There is a poignant story in the gospel of Mark where Jesus encounters a young man tormented by a demon.
The boy’s father, who desperately wants Jesus’ disciples to help him, has reached the point of exhaustion. The disciples cannot free the man’s son from the demon. The simple question we face at this moment in the United States is can we be freed from our demons?
The murders of Alton B. Sterling, Philando Castile, the five Dallas police officers, and the other black men killed last week who did not make the news show us our oppression. The problem with invoking the demonic is that such invocation has been used as a rhetorical band-aid to cover a wound far too serious to imagine recovery. Yet we must invoke the demonic now not to cover over what Wendell Berry called the racial wound but in order to understand the kind of resistance we face to our liberation.

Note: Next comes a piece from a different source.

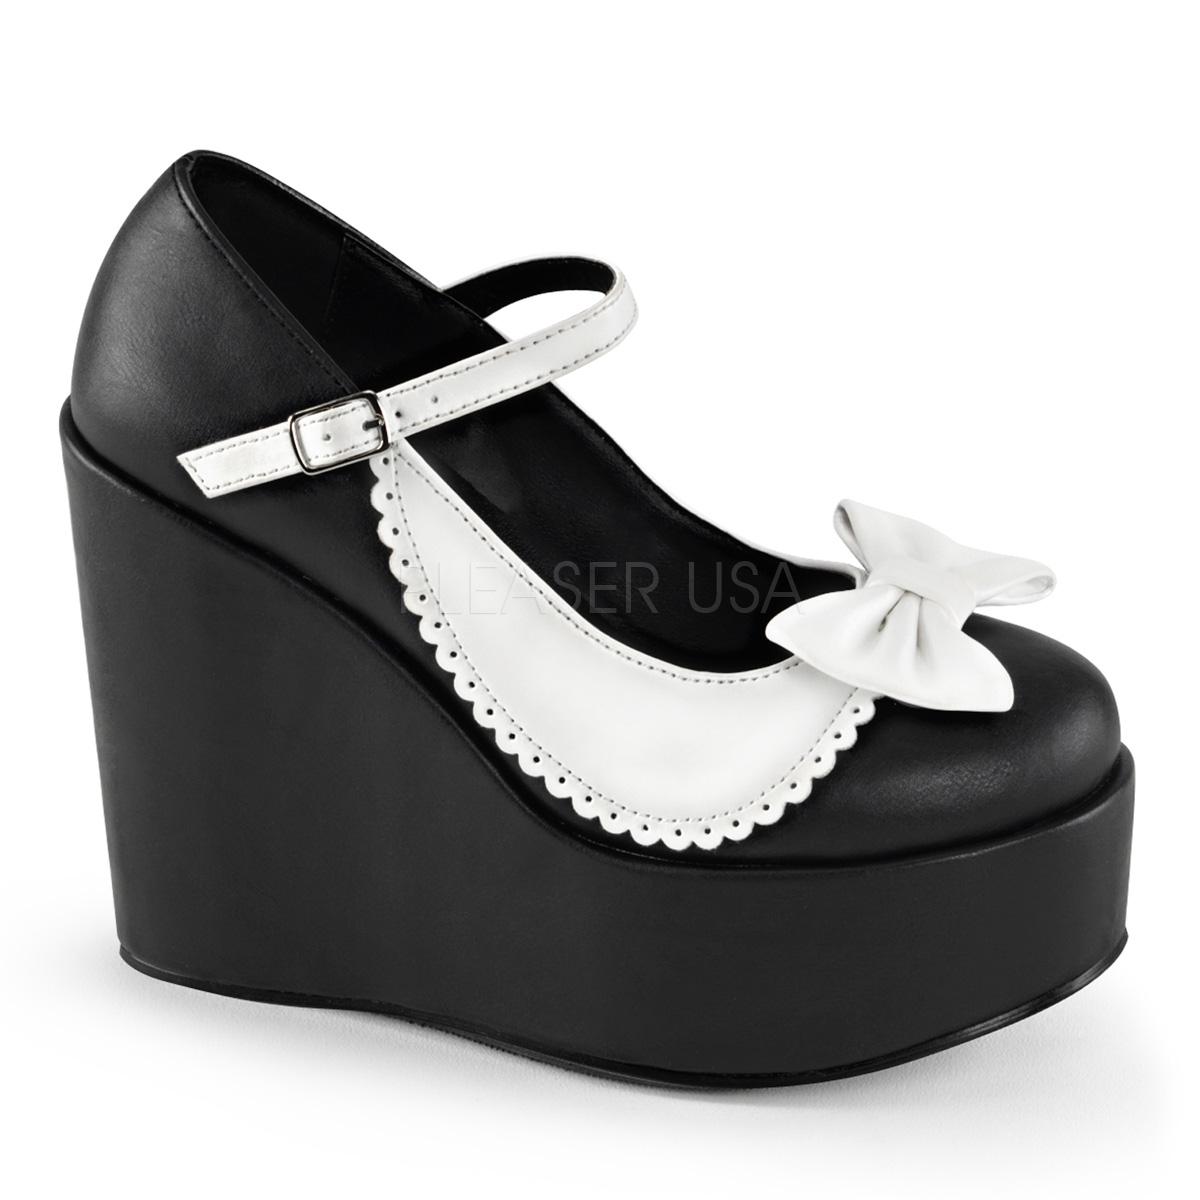 Chaussure compense a talon

Racial antagonism structures our imaginations as does our love of weapons. The former creates our enemies, and the latter constructs a false sense of independence and freedom.
I don’t know if we Americans, especially Christians in America, want to be freed from our demons. The late New Testament scholar Walter Wink defined the demonic as an array of human and supra-human forces aligned to destroy life. The demonic was both individual and structural, personal and collective, sentient and mechanical. Wink’s expansive way of writing about the demonic sought to capture the dynamic interplay of our being oppressed by evil and our making ourselves tools for evil’s use. Some yield to evil, and others receive the suffering inflicted by such yielding.